髙橋惇一は、そんな異国の三つ星レストランの中枢、『テストキッチン』と呼ばれるメニュー開発専門チームで腕を振るっている。夏は"野菜・果物・花"中心、秋は"ジビエ・キノコ・木の実"などを中心に、nomaでは季節ごとに全てのメニューが入れ替わる。その度、新たに食材を選び出し、料理を試作。オーナーシェフのレネ・レゼピによるテイスティングでGOサインが出るまで、ひたすらそれを繰り返すのが髙橋の日常だった。求められるのは、まだ誰も食べたことのないような革新的な料理。時には北欧産の"鱈"を部位ごとに分けて、それぞれ異なる味付けにしてみたり、またある時は"鴨"の頭蓋を開いて脳を調理してみたり...。しかし膨大な時間を費やした一品が、テイスティングの一口目で白紙に戻ることも珍しくない。「結果を出さなければ、このポジションにいることはできない」と、書き溜めたノートを見返しながら再び試作に向かう背中には、世界最高のレストランで戦い続ける男の覚悟が滲んでいた。

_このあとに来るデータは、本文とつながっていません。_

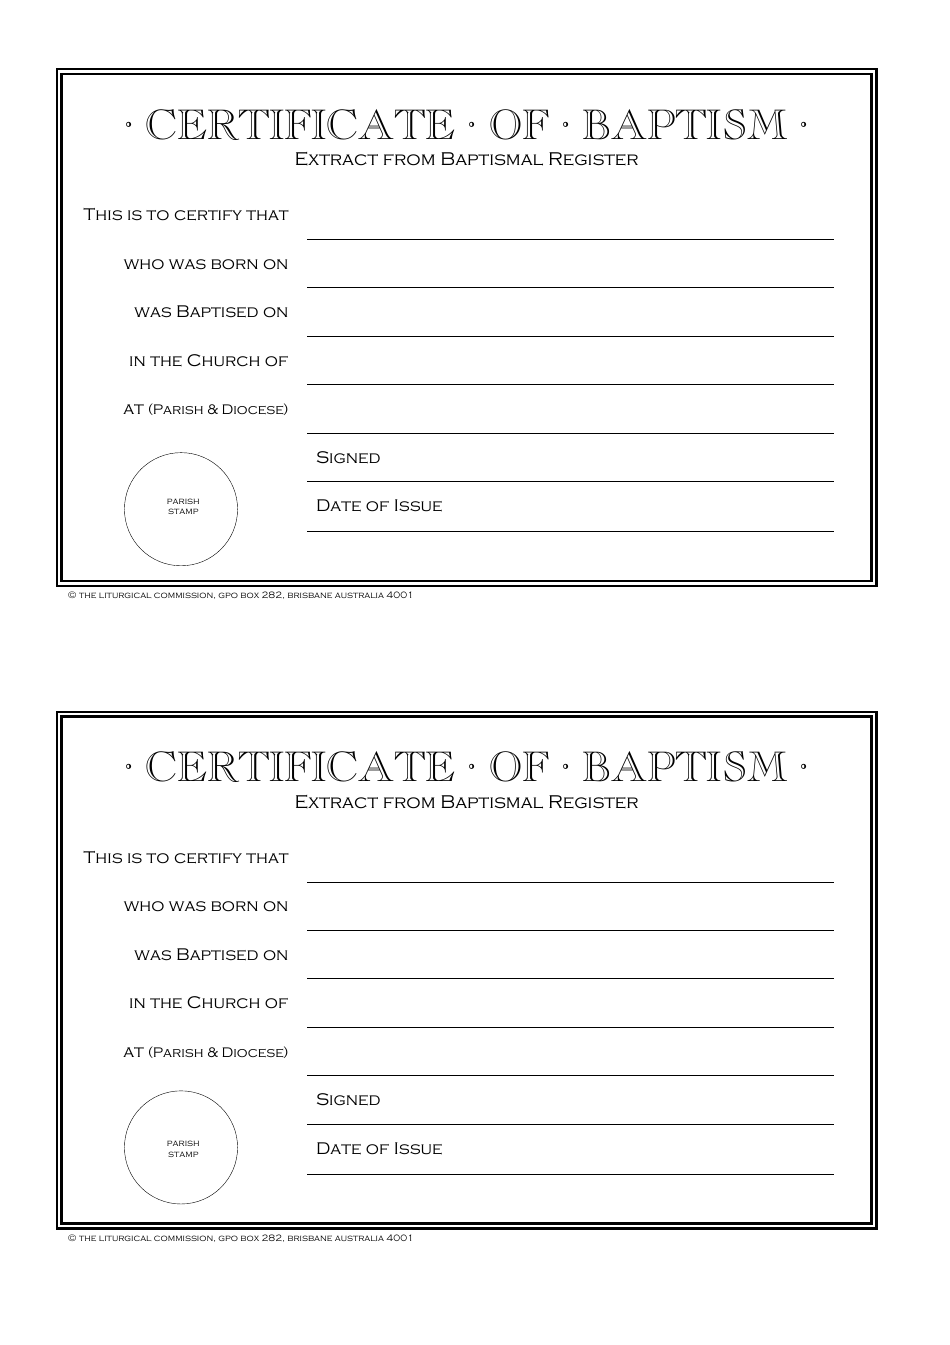 Certificate of Baptism Template - the Liturgical Commission

そんなnomaが「数年後にレストランでの営業を終了する」と発表したのは2023年のこと。デンマークに来て12年...試作を重ね、自らが生み出した料理で客を喜ばせることに生き甲斐を見出してきた髙橋にとって、それは"料理人としての将来"を今一度見つめ直す出来事だった。番組では、新緑のデンマークで野菜を使ったメニュー作りに邁進する日常から、この秋10週間限定で開かれた京都でのレストラン営業、そして最後となる冬のメニュー開発に密着。自らの集大成が問われる試作を終えた時、男は何を思うのか―。
Junichi Takahashi
1983年、宮城県生まれ。服部栄養専門学校卒業後、東京のフレンチで修業を積む。当時はフランスで腕を磨くことを夢見ていたものの、偶然手にした『ノーマ 北欧料理の時間と場所』という料理本に衝撃を受け、デンマークへ。直談判の末に、研修生として『noma』に入った。仕込みや掃除といった下働きに奔走しながら、自らが新しく考案した料理を発表できる『サタデー・ナイト・プロジェクト』という場で生み出した“ウニ”と“出汁”を使った一品が評価され、正規スタッフに昇格。2016年からは『テストキッチン』のスーシェフに就任。現在は世界最高のシェフと評されるレネ・レゼピの元で“Head R&Dシェフ”としてメニュー研究開発に従事している。たまの休日は10キロのランニングとデイキャンプで過ごす41歳。